How does Sclera Visualization compare with ggplot2 and D3?◄
ggplot2 is a graphics library for R.
ggplot2 is inspired by the Grammar of Graphics, which makes it very expressible and powerful. However,
ggplot2 can only be used to generate static graphs -- this means no interactivity and no support for streaming data. Also, since it is a part of the R ecosystem, you need to be a proficient R programmer and will need to go through some hoops to get it working with the rest of your ecosystem.
ScleraViz brings the expressibility of
ggplot2 and the power of D3 to SQL users. Unlike
ggplot2, ScleraViz can clean, analyze and plot streaming data. Also, unlike visualization implemented in D3, Sclera pushes expensive computations to the backend database servers, keeping the rendering lean and efficient.
Can Sclera work with my database in the cloud?◄
Yes. Sclera works with any database system that can be accessed with an API. You just need a connector to interface with the system.

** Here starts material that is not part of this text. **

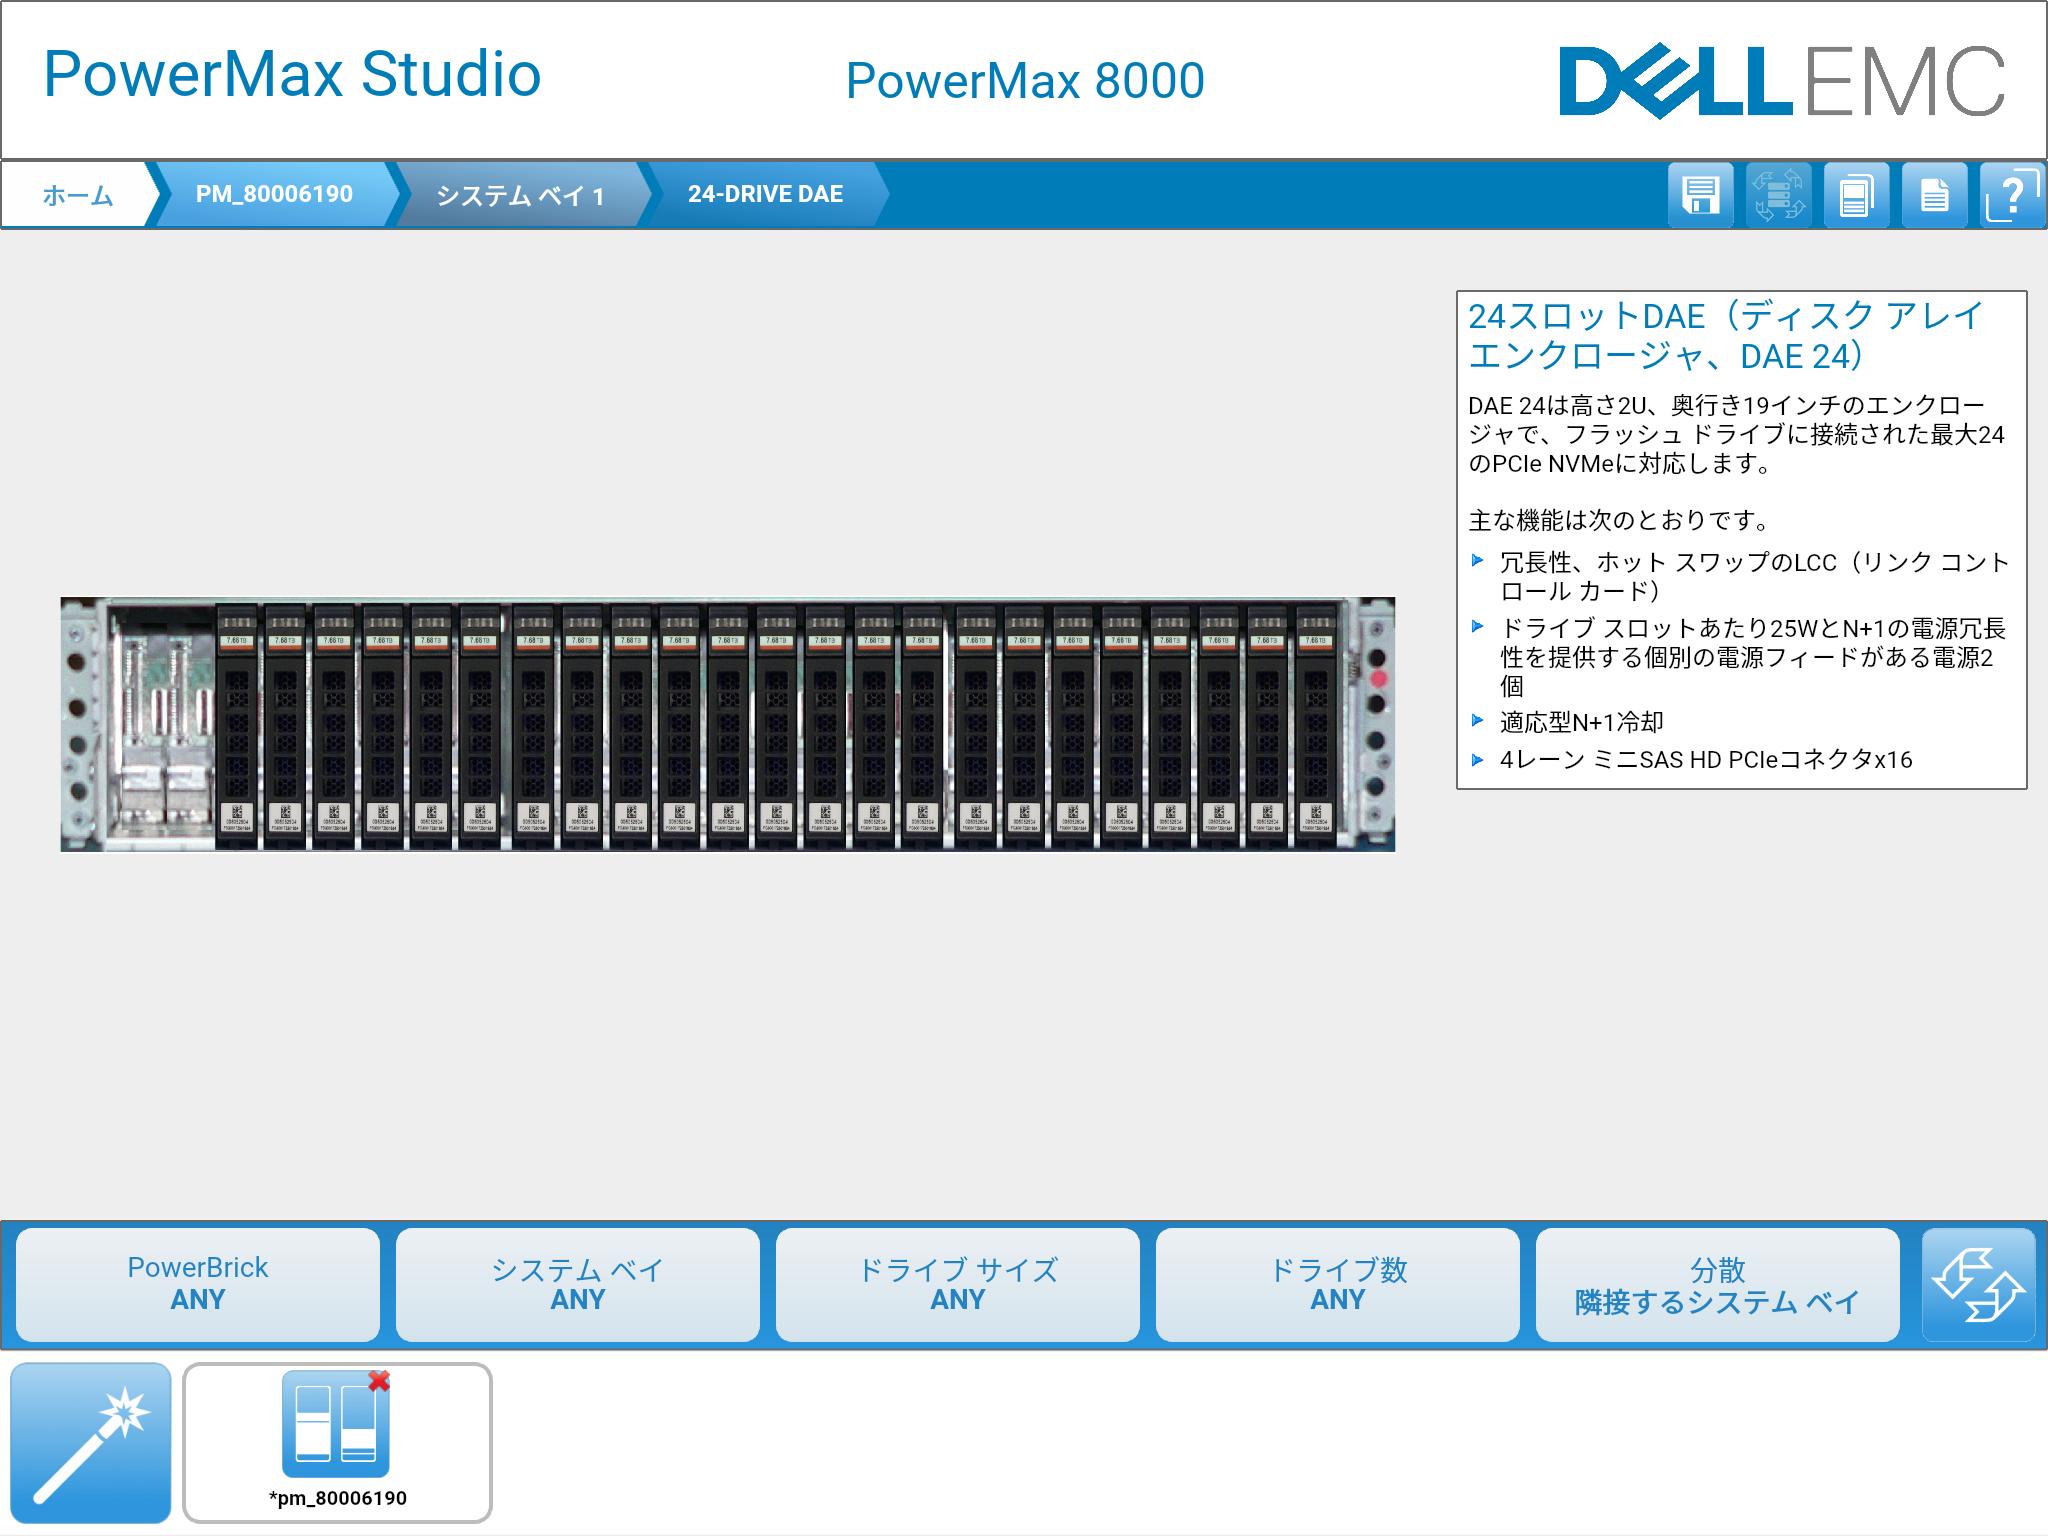 Dell Emc Powermax Studio For Android Apk Download

Google Cloud SQL is compatible with MySQL, and Amazon RDS provides MySQL, PostgreSQL and Oracle instances in the cloud. These database systems can be accessed using the relevant included database connector (sclera-mysql, sclera-postgresql or sclera-oracle), simply by putting the appropriate JDBC URL in the ADD LOCATION statements.
Can Sclera work with web-services?◄
Sclera provides a Sclera Extensions SDK that enables ingestion of data from of any data source into Sclera. A specific connector for the Google Finance web-service is included as an illustrative example. The code for the same can be accessed at GitHub.
Can Sclera work with my legacy data store?◄
The Sclera Extensions SDK for external data access or the Sclera Extension SDK for database systems can be used to build custom connectors to your legacy data store. The former is used when you just want to source data from the data sore, and the latter when you want to push computation (such as filter, join) to the data store.
Can Sclera work with my reporting software?◄
Sclera understands a large subset of PostgreSQL's dialect of SQL. Therefore, Sclera should work with any reporting tool that works with PostgreSQL.
In such tools, Sclera's JDBC driver, downloaded as a part of the installation, can be used as a drop-in replacement for PostgreSQL JDBC driver. The details on the usage of the driver appear in the Sclera JDBC reference document.
Alternatively, Sclera can work in a server mode that implements the PostgreSQL backend protocol 3.0, which is compatible with PostgreSQL 7.4+.
How do I use Sclera's analytics operators in my reporting software?◄
Connected to Sclera, your reporting software can be used to query data across multiple underlying data sources. However, since these tools do not understand Sclera's extensions, they cannot generate queries with embedded analytics.
A simple workaround is to create views in Sclera -- the view definition can contain arbitrary Sclera extensions, but to the external tool, they are equivalent to a relational table. Any query on such a view generated by the tool will evaluate the analytics operators included in the view definition.
Can Sclera work with an analytics library of my choice?◄
Yes, but the support is currenly limited to classification, clustering and association rule mining. You will need to map the classification, clustering and/or association rule API in the Sclera Extensions SDK to your library's API.
How do I ingest data streams into Sclera?◄
Sclera provides a very simple API though the Sclera Extensions SDK. A connector built using this API can be used to ingest data streams -- these data streams can then be used in the
FROM clause of SQL queries.
What do I need to know before using Sclera?◄
If you know SQL, you can start firing cross-system queries rightaway. Then, incorporate analytics using the analytics extensions we have baked into SQL.
Sclera enables use of advanced analytics constructs such as classification and clustering within SQL, but assumes you know what they are useful for. For the background, we recommend reading up a good book on data science.